Schon optisch wird also viel geboten: vom symbolischen Rosenrot der Infantin („Zwei rote Rosen“ ist das lyrische Signum des Werks) über den Zebra-Ton der agilen Filmfrau zum weißen Smoking des beglückend arroganten Prinz Andreas Stephan, der vom grandiosen Entertainer Jens Janke gespielt / gesungen / gemimt / getazt wird; die Kostüme Falk Bauers sind als Teil des Gesamtkunstwerks eine Augenweide. Wir sehen, bei Jörn-Felix Alt, einen Federfächertanz im Schwarzlicht, einen improvisierten Mikrofontausch mit hereintänzelndem Glitzerdienstmann (Szenenapplaus), und wir blicken auf Fragonards berühmtes Schaukel-Bild, ein Abbild einstiger aristokratischer Herrlichkeit und jetziger erotischer Wunschvorstellung im Riesenrahmen (die Bühne wurde von Jan Freese entworfen).

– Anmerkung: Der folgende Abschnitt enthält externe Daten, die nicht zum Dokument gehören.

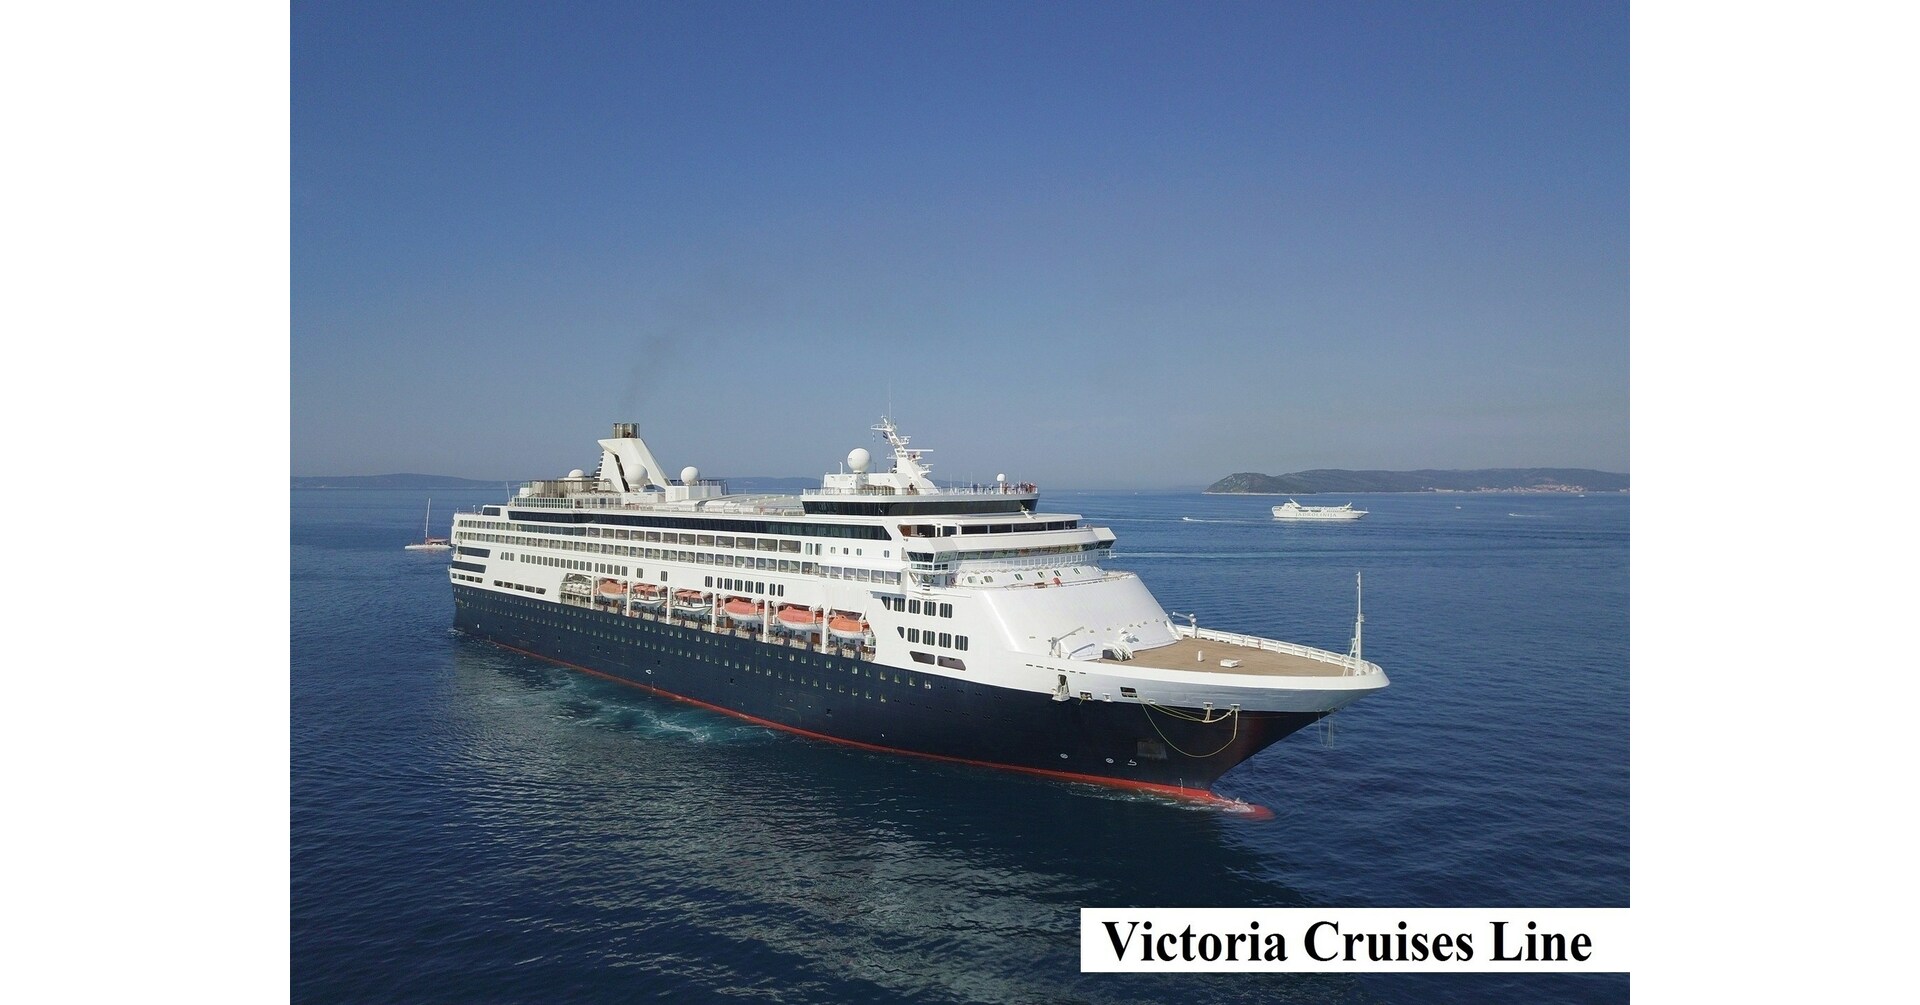 Embark On an Exciting Life at Sea Exploring the World in Luxury: Victoria  Cruises Line Offers a Unique but Affordable Residential Ship Experience for Adventurous  Travelers

Wir ergötzen uns an der witzigen Perlenketten-Ariette der Hofdame, die mit Almerija Delic glänzend besetzt ist, ebenso an Jens Krause, der den Hoteldirektor Matard spielt und, trotz Embonpoint, sehr lustig an den ölig-aufgeregten Typ erinnert, wie er gern von Hubert von Meyerinck gespielt wurde. Wir finden schon Marylous Auftrittsnummer „Jonny“ hinreißend, Raptis‘ / Isabellas „Ein Märchen von Liebe“ durchaus nicht schmalzig und lassen uns vom Orchester unter Lutz de Veer davon überzeugen, dass Paul Abrahams Operetten schon deshalb gut sind, weil er seine haltbaren Melodien und 20er-Jahre-Rhythmen durch eine brillante Instrumentation geadelt hat: mit zwei Klavieren, Harfe und Banjo, Tuba und Gitarre, Schlagzeug und Glockenspiel.
Also: Riesenbeifall für eine märchenhaft gelungene Produktion.